Supplied data →

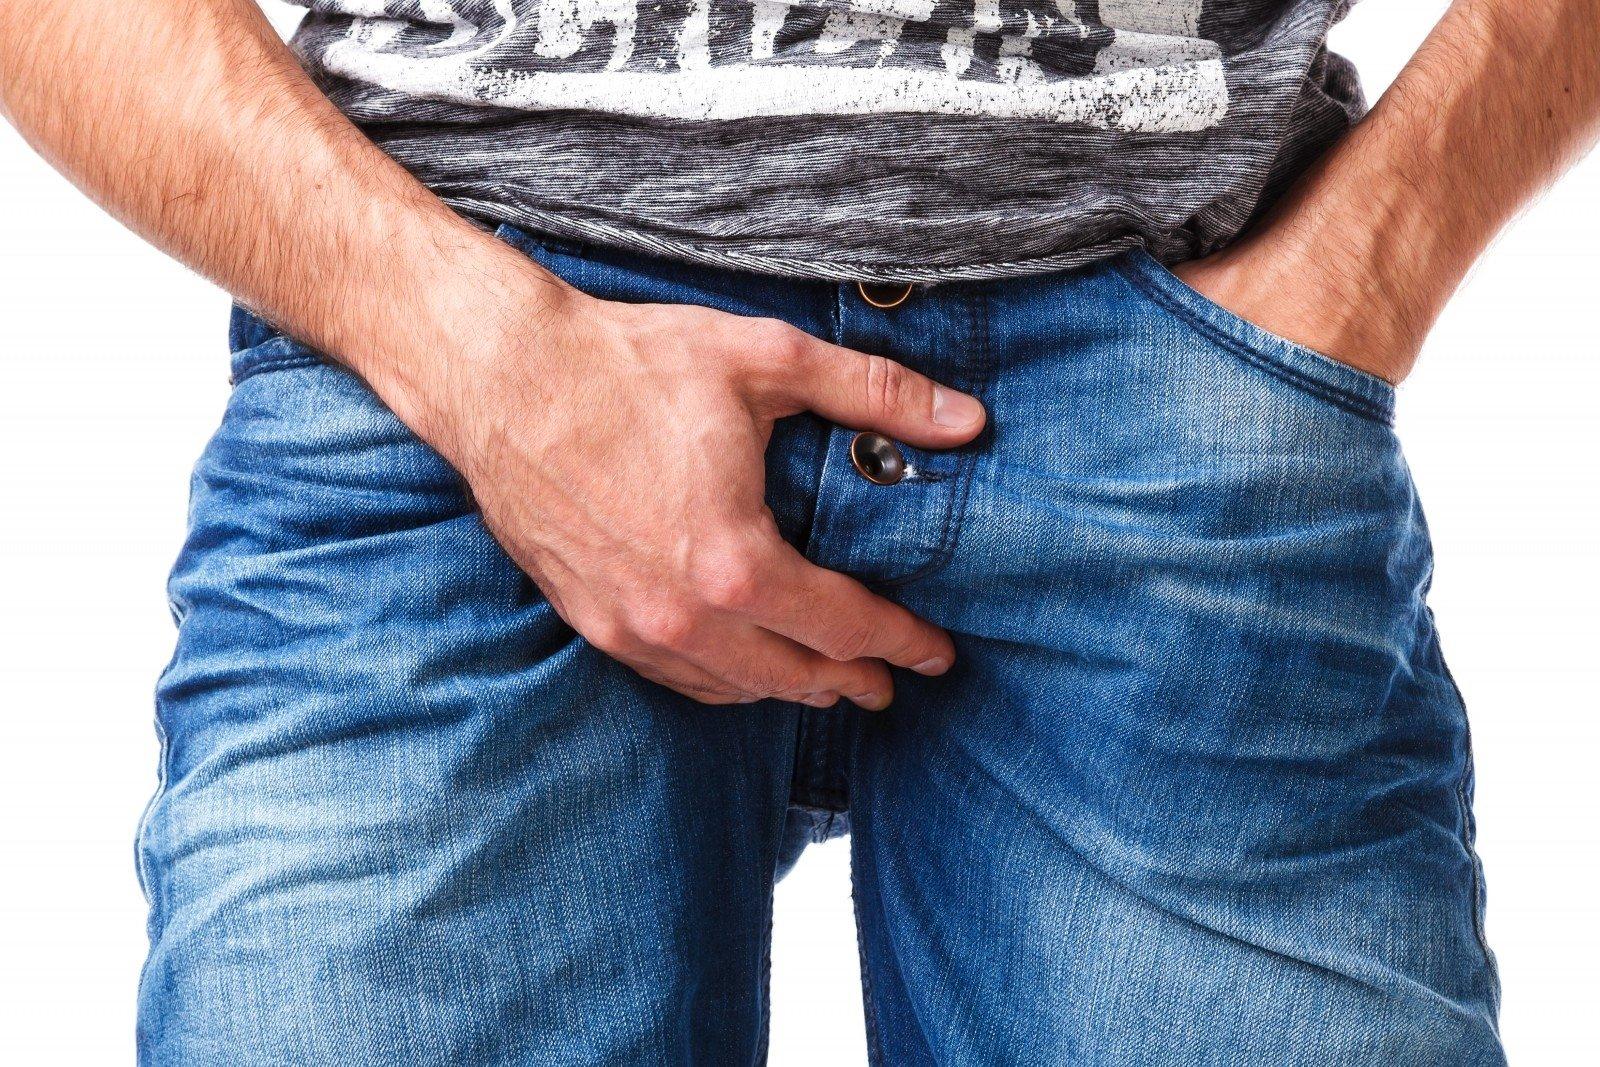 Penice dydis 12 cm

==

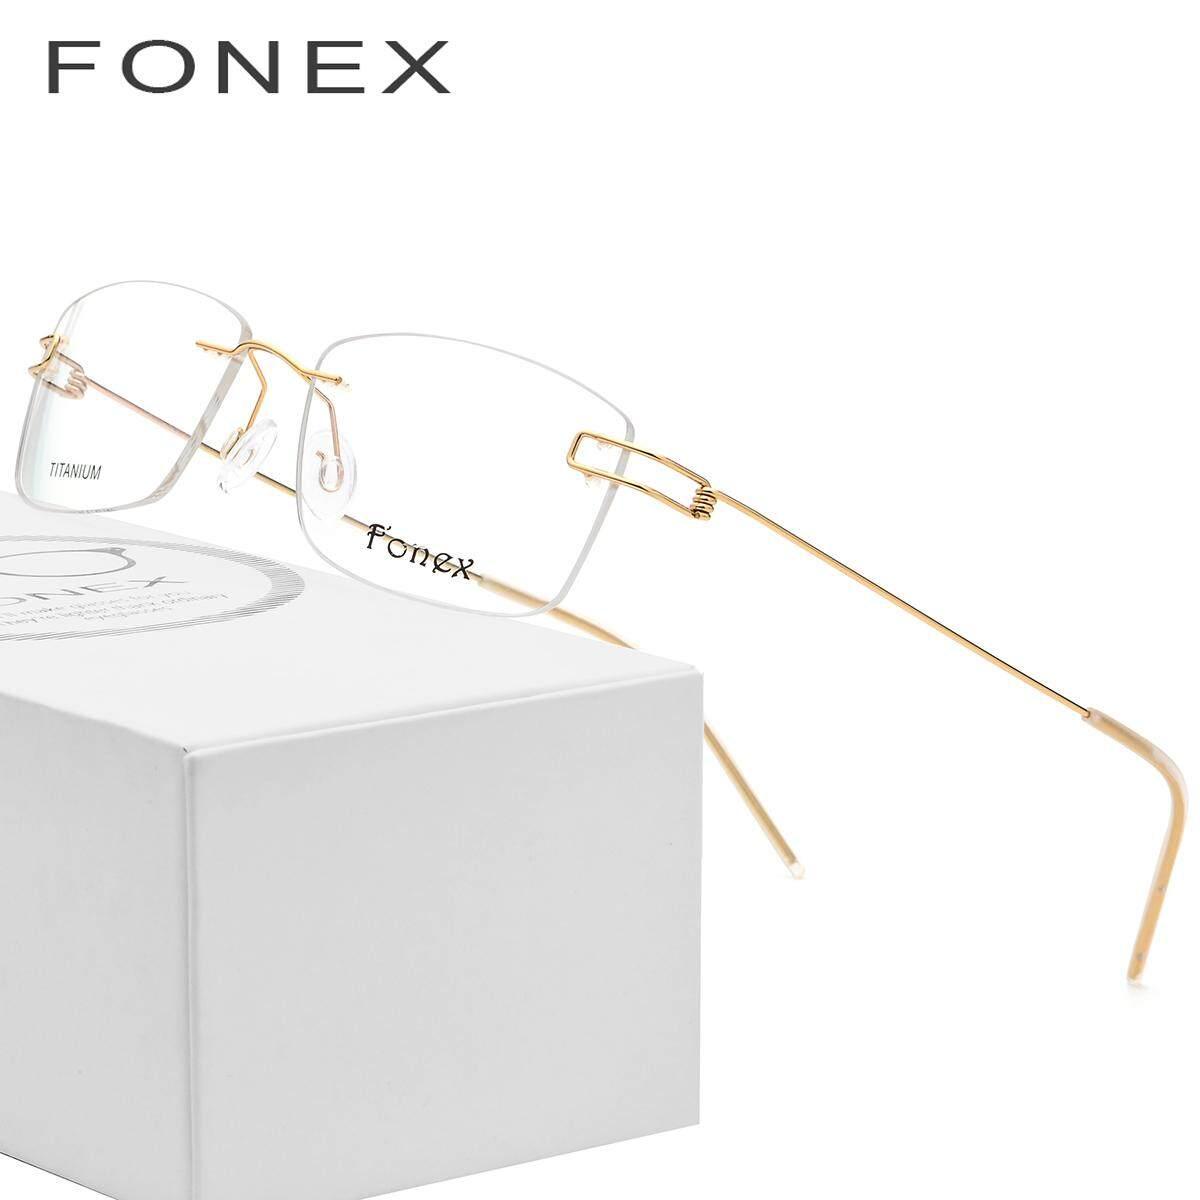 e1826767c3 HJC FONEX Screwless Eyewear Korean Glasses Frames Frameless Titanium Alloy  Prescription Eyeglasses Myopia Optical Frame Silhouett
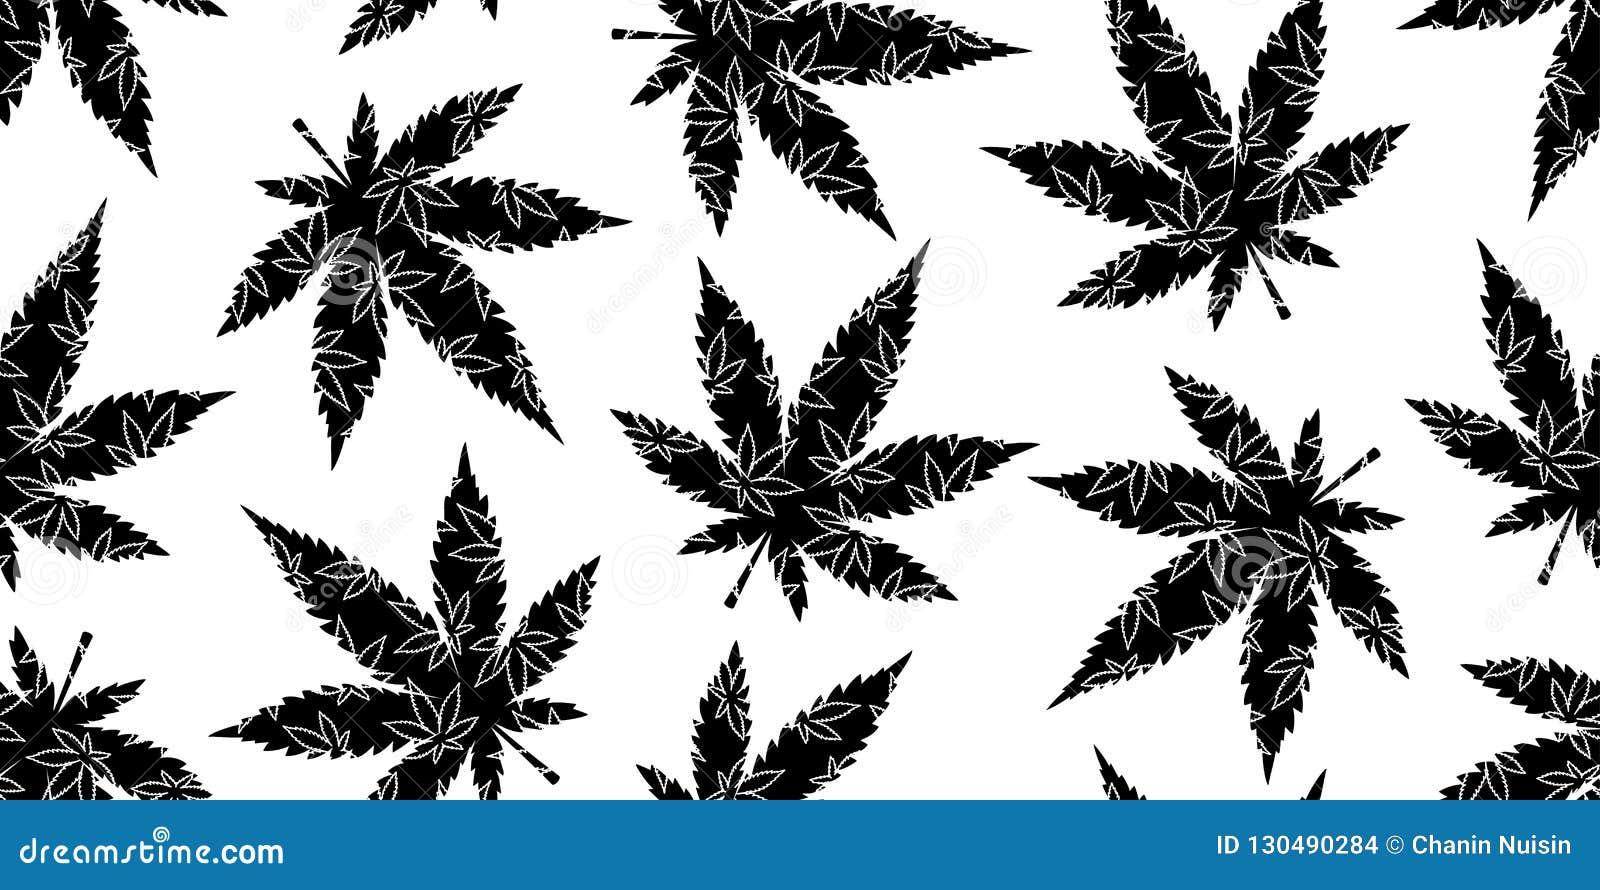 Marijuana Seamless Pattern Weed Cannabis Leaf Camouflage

Brief →
All that should be printed is the run of lines above from the one with "e1826767c3 HJC FONEX" through the one with "Marijuana Seamless Pattern", both included, exactly as given, with pictures left out.

Exercise solution →
 e1826767c3 HJC FONEX Screwless Eyewear Korean Glasses Frames Frameless Titanium Alloy  Prescription Eyeglasses Myopia Optical Frame Silhouett
 Marijuana Seamless Pattern Weed Cannabis Leaf Camouflage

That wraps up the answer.